Price Lab

Welcome to the warbler lab




In our lab we study speciation, species diversity, and visual communication in birds, primarily in the Himalaya. For individual research projects, please click on the links below.


The focus of my research is on (1) climate change effects on birds in the western Himalaya, (2) drivers of species diversity across the Himalaya, (3) evolution of colors and color vision in birds.

Francisco Henao-Díaz

Post-doctoral Fellow



I’m primarily focused on how we can explain biodiversity patterns through deep time and regional scales. My research uses phylogenetic comparative methods to explore diversification rates, phylogenetic tree structure across the Tree of Life, and diversity accumulation along elevational gradients.  I am also interested in the interplay between evolutionary and ecological processes in a biogeographic context. In addition, I am involved in determining primates’ distributions and conservation threats with special emphasis in my native Colombia. 

Kristina Fialko

Post-doctoral Fellow

My research focuses on how animals use a combination of static color signals and dynamic display behaviors in visual communication. I use high speed video to study the territorial displays of Old World warblers in the Western Himalaya. Using a field-based, comparative approach, I am interested in understanding how variation in a species’ signaling environment affects the perception and evolution of visual displays.

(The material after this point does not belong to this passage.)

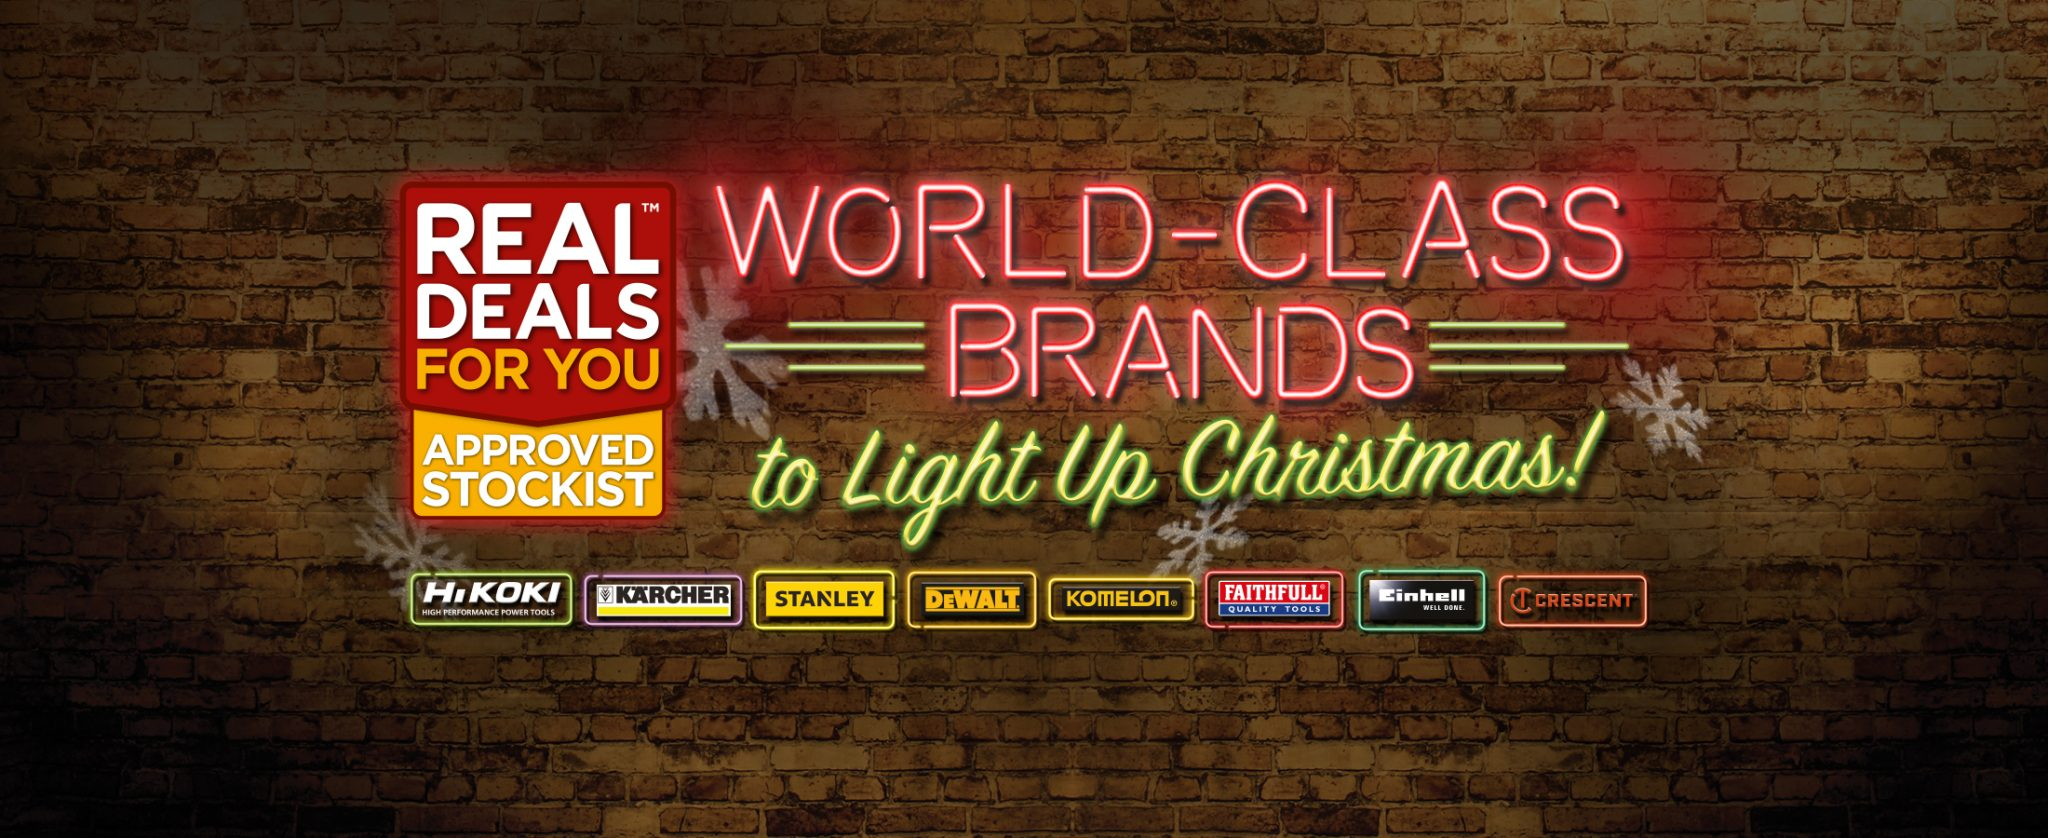 World-class brands web banner 2200x900px 72dpi

I am broadly interested in processes involved in the origin and maintenance of biodiversity, such as speciation and hybridization. I am also keen on understanding how communication signals (e.g., plumage patches and songs) evolve and what is their role in the speciation process. In the coming years, I will focus on studying the origin of isolating mechanisms during speciation, using genomic approaches.    

Tatjana Washington is a climate change-focused ecologist whose mission is to understand how climate change affects wildlife’s physiological and behavioral stress responses and Environmental Justice policy. She is passionate about working with local communities to increase representation and attendance in nature-based activities. Growing up surrounded by farmland and longleaf pine forests in South Carolina, she always had a great appreciation of the beauty nature has to offer. She completed an M.S in Environmental Conservation at the University of Massachusetts and a B.S in Biology with a minor in Environmental and Sustainability studies at The College of Charleston in South Carolina. She lives for thrill-packed outdoor adventures, insightful traveling, sports talk, and community service activities.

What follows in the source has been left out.